Seriously he's the best, I thought the same thing when I found his videos and I binge watched them too. I love when you can see that his chef clothes are tight too!!! I don't think he's married, there's an earlier video where I think they said his girlfriend had broken up with him.


----------



## sarebear9

Whoops, didn't mean to post twice, check out this video it has some pretty good scenes with him in it. It's awesome they make videos every week!https://youtu.be/ATAzFdWo-oA


----------



## squeezablysoft

Uh oh, looks like we're all gonna be fighting over this guy, lol.


----------



## Jeannie

squeezablysoft said:


> Uh oh, looks like we're all gonna be fighting over this guy, lol.



There's enough of him to share. :happy:

I haven't read any of the comments on the shows. Have any of you? I wonder if we are the only females lusting for him. Someone should tell him just how fine he is! 

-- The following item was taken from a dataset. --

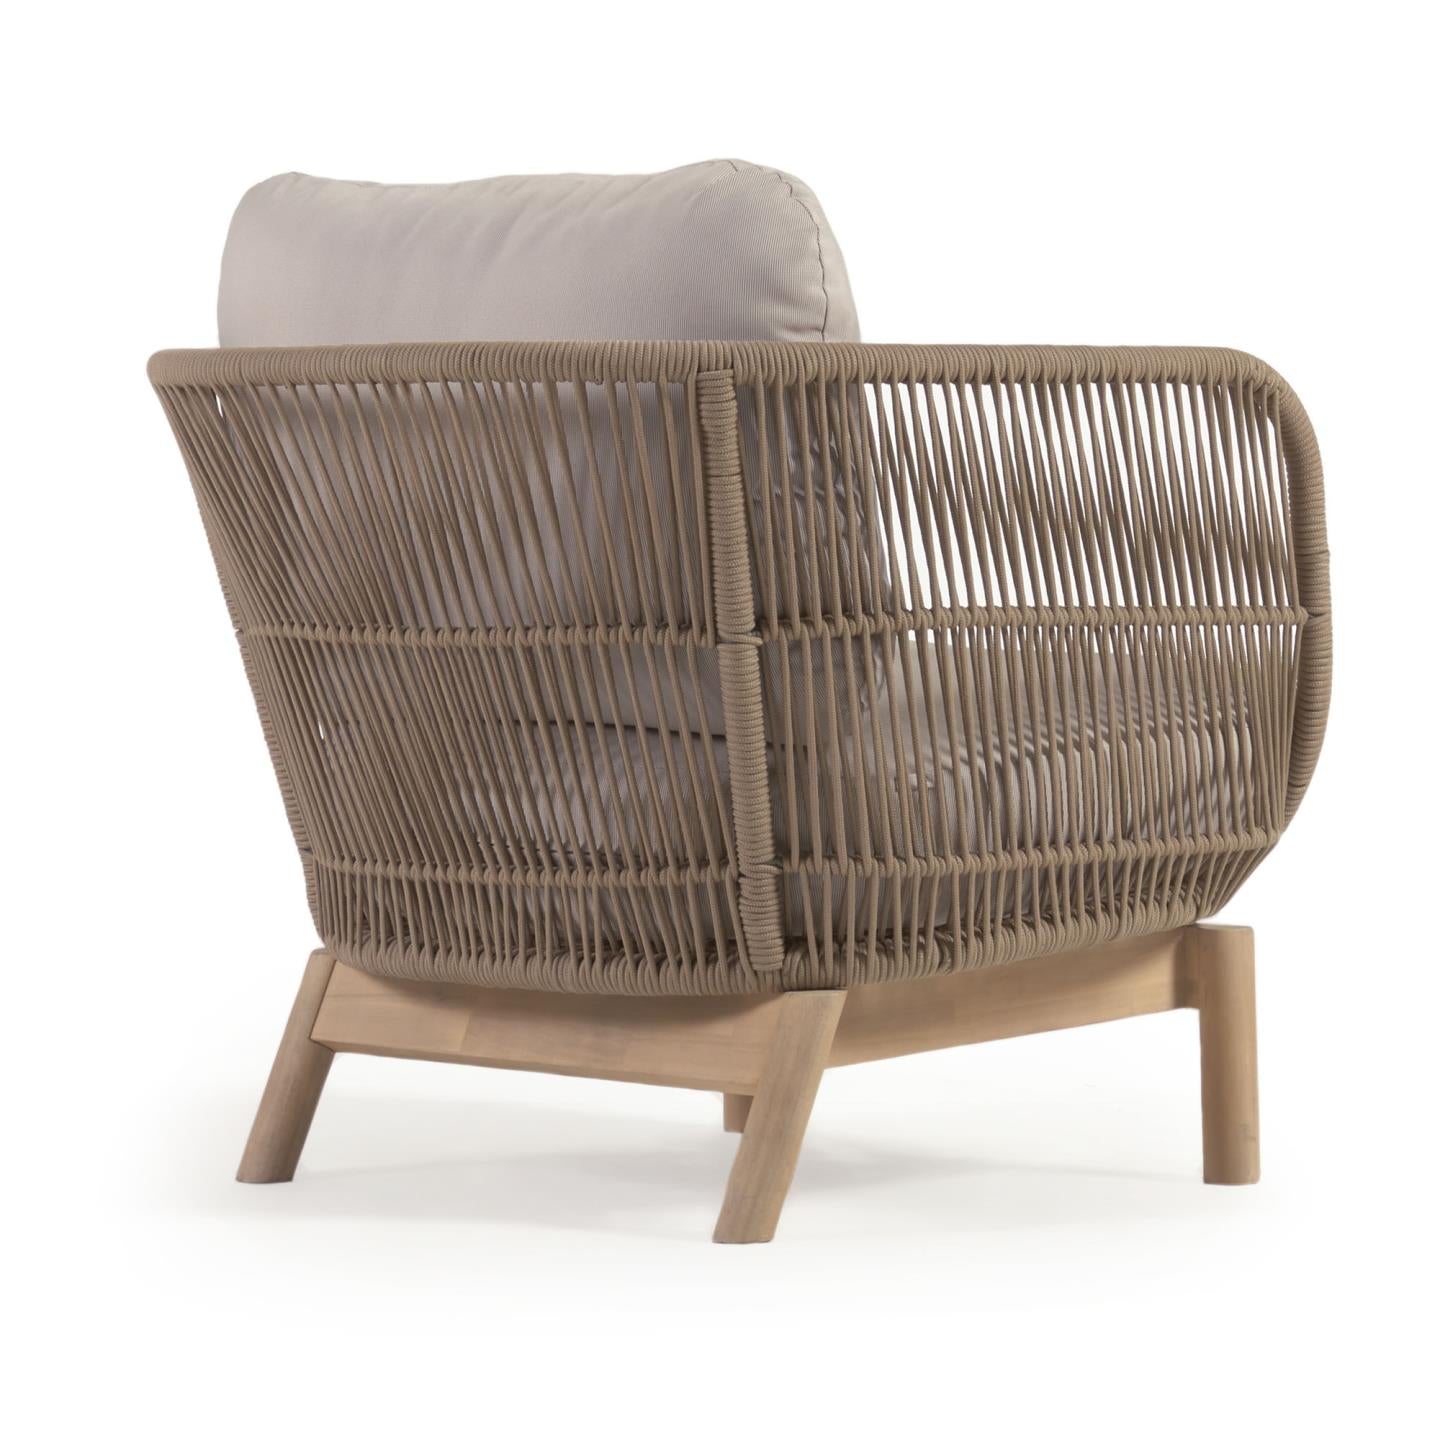 Catalina armchair made with beige rope and FSC solid acacia wood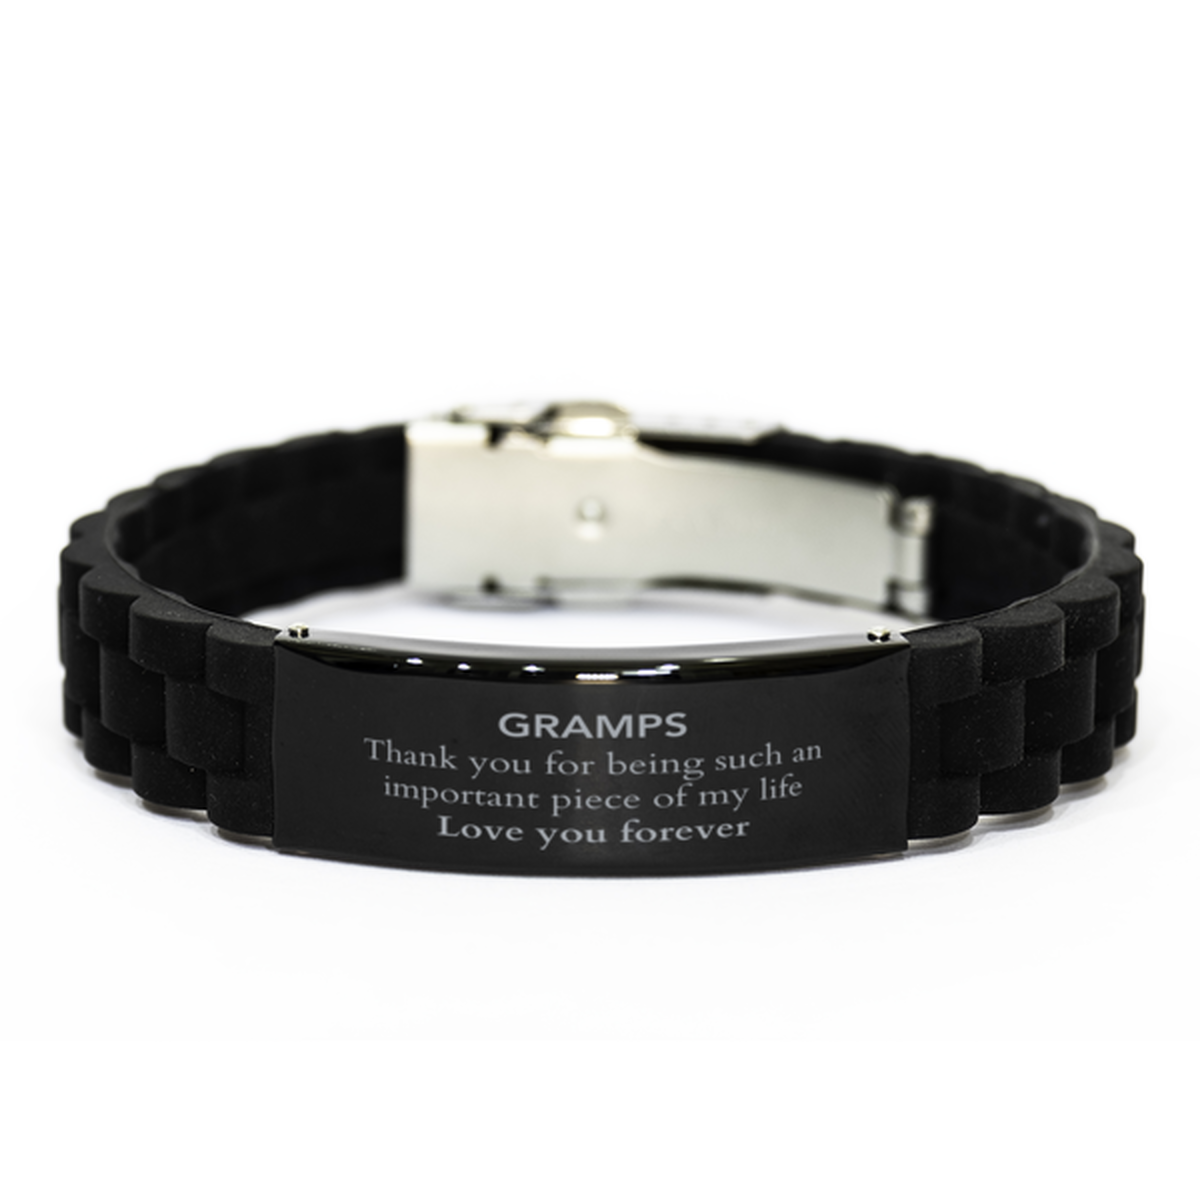 Appropriate Gramps Black Glidelock Clasp Bracelet Epic Birthday Gifts for Gramps Thank you for being such an important piece of my life Gramps Christmas Mothers Fathers Day

Thanks for the Sears video *Sarebear9*! I love watching him just walking around taking about things. :wubu: Please post any others you think we should see.


----------



## Jeannie

Oh *Sarebear9*, I see you sent him messages. Did you tell him how sexy he is?


----------



## Jeannie

My John Hunt offering...

[ame="https://www.youtube.com/watch?v=c3ZVTuqAcW0"]https://www.youtube.com/watch?v=c3ZVTuqAcW0[/ame]

:batting:


----------



## sarebear9

Jeannie said:


> Oh *Sarebear9*, I see you sent him messages. Did you tell him how sexy he is?



Hahah I'm glad I could share, I know others like me would appreciate it. I haven't seen any comments about him being sexy really in the videos. I did message him saying he was cute and stuff but he never responded  The unboxing ones are great cause he'll wear tight shirts, and all the junts carts one are funny as well as sexy.


----------



## Jeannie

sarebear9 said:


> Hahah I'm glad I could share, I know others like me would appreciate it. I haven't seen any comments about him being sexy really in the videos. I did message him saying he was cute and stuff but he never responded  The unboxing ones are great cause he'll wear tight shirts, and all the junts carts one are funny as well as sexy.



I watched one of the unboxing ones last night. Wow, that shirt was so tight it was half unbuttoned. Haven't watch him yet today. Need to get my fix. I think a junts cart will do the trick. Thanks again my fellow ffa. It's great knowing you get it!


----------



## rabbitislove

Thanks for the share ladies and for giving me my SSBHM fix.


----------



## Jeannie

*Jon Hunt* fans - Did you know he plays the piano? Here he is being interviewed by Frankie (I think) at age 21. He plays a song towards the middle of the clip. He is so freaking cute. :wubu::wubu::wubu: 

I think he is 37 now. Even more adorable.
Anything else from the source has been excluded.